The Last Train to the Rhondda

Many thanks to the many of you who have read and commented on our blog so far. Please feel free to offer up your thoughts to me by email at matthew.hunt@chargesync.com In a later post I will collect together all the responses and thoughts to provide some balance, or reinforcement of our thoughts.

This is an exciting time in the energy market, with incumbents weighed down by heavy debts, bad decisions, and the heavy cost of pension burdens from previous generations. This makes innovation, and what has been called creative destruction imminent in my view. As mentioned previously, embracing these changes and accelerating them seems to me the sensible option (rather than fighting and trying to stick with what we know – and know doesn’t work).
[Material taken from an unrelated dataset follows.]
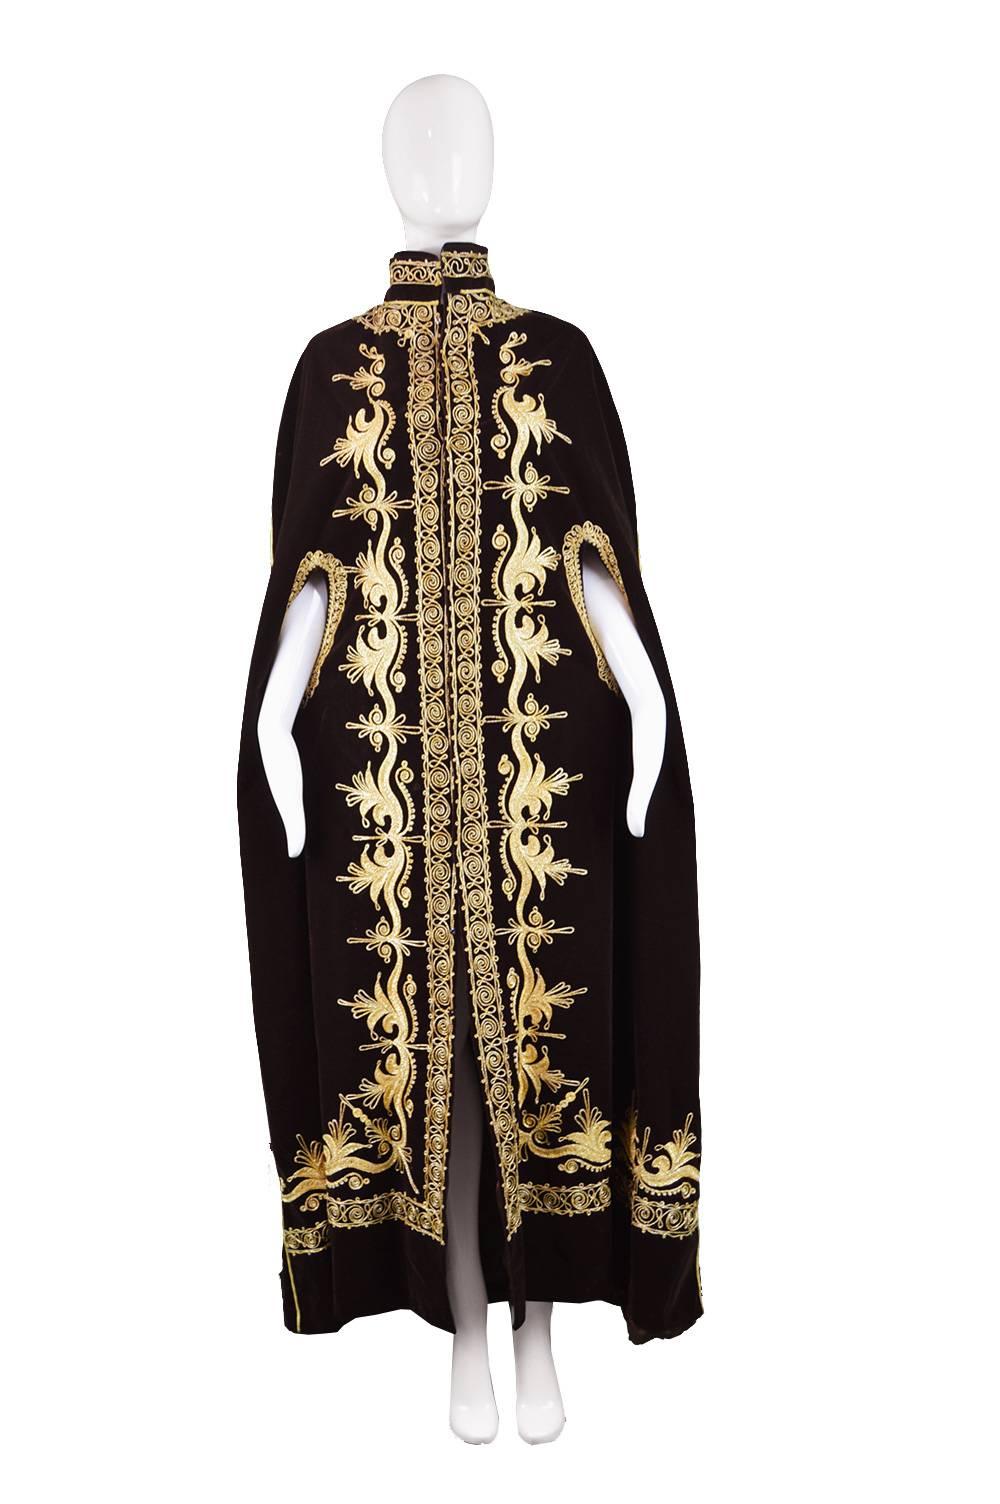 A dramatic women's vintage maxi cloak from the 70s in a brown short-pile velvet with intricate gold embroidery creating a hippy or bohemian luxe aesthetic. With poppers to fasten the front this looks stunning worn like an opera coat over an evening

A close friend of mine was recounting to me his story of his journey, post Rugby World Cup victory of Wales over England from Cardiff (the game was in Twickenham of course), on what he described as the ‘Last train to the Rhondda’. The scene he described was poetic in the sense that despite being packed with drunken (Welsh) men it was at complete peace, with every man throughout the train singing in perfect harmony. These are glorious moments when people come together, and this community spirit is what we want to harvest.

The last train to the Rhondda is a slightly tenuous link, but at ChargeSync we want to create a community of battery devices which cooperate in harmony, responding to a central ‘conductor’ (in a musical sense, not electrical). Our idea is simple, and will provide flexibility at the point of use cheaply and rapidly. This solution is what I describe as a “plus grid” solution. Our aim is to use our batteries to aid the grid in times of peak stress (reducing the reliance on diesel generation), and aid the grid during times of oversupply, when our batteries will charge for use later. This idea moves energy from peak times to off peak, and hence reduces the need to build new wires, and hence reduces the overall cost to the country of running the network. By placing the batteries in the home, at point of use we are able to consume during off peak hours, and reduce consumption in the peak. Batteries located at the higher voltage grid (eg next to a nuclear power station) will not be able to do this, and hence will not be cost effective for many years to come (or ever if batteries are built on the LV-Low Voltage- grid). Putting batteries next to LV substations could be another solution, but then there is an issue of ownership. Who will pay for the build? Whose bill will it effect? At least with home batteries it’s clear that if you make the investment then your bill should be reduced.

Comparing and contrasting this with other battery solutions out there in the market place, the main alternative I see is the ‘off grid’ model. This has an appeal to those who don’t want to operate in the efficient community model (or National Grid) as we’ve done for many years. Perhaps they are so well off that building an unnecessarily large volume of battery capacity in their home is not a worry for them, or perhaps they just like the idea of showing people all their solar panels. This is a reality which isn’t affordable for most people, and actually acts to increase the costs for everyone else on the grid (the grid has to provide support to off grid users for times they cannot generate, and these costs are currently borne by those who are not off grid). Connection charges for ‘off grid’ households are the answer. And let’s make them big enough to help the rest of the market pay for their plus grid batteries.

So the question is, how do you want to travel home from the big match (of life??)? The last train to the Rhondda? Or are you going to take the lonely taxi from Twickenham?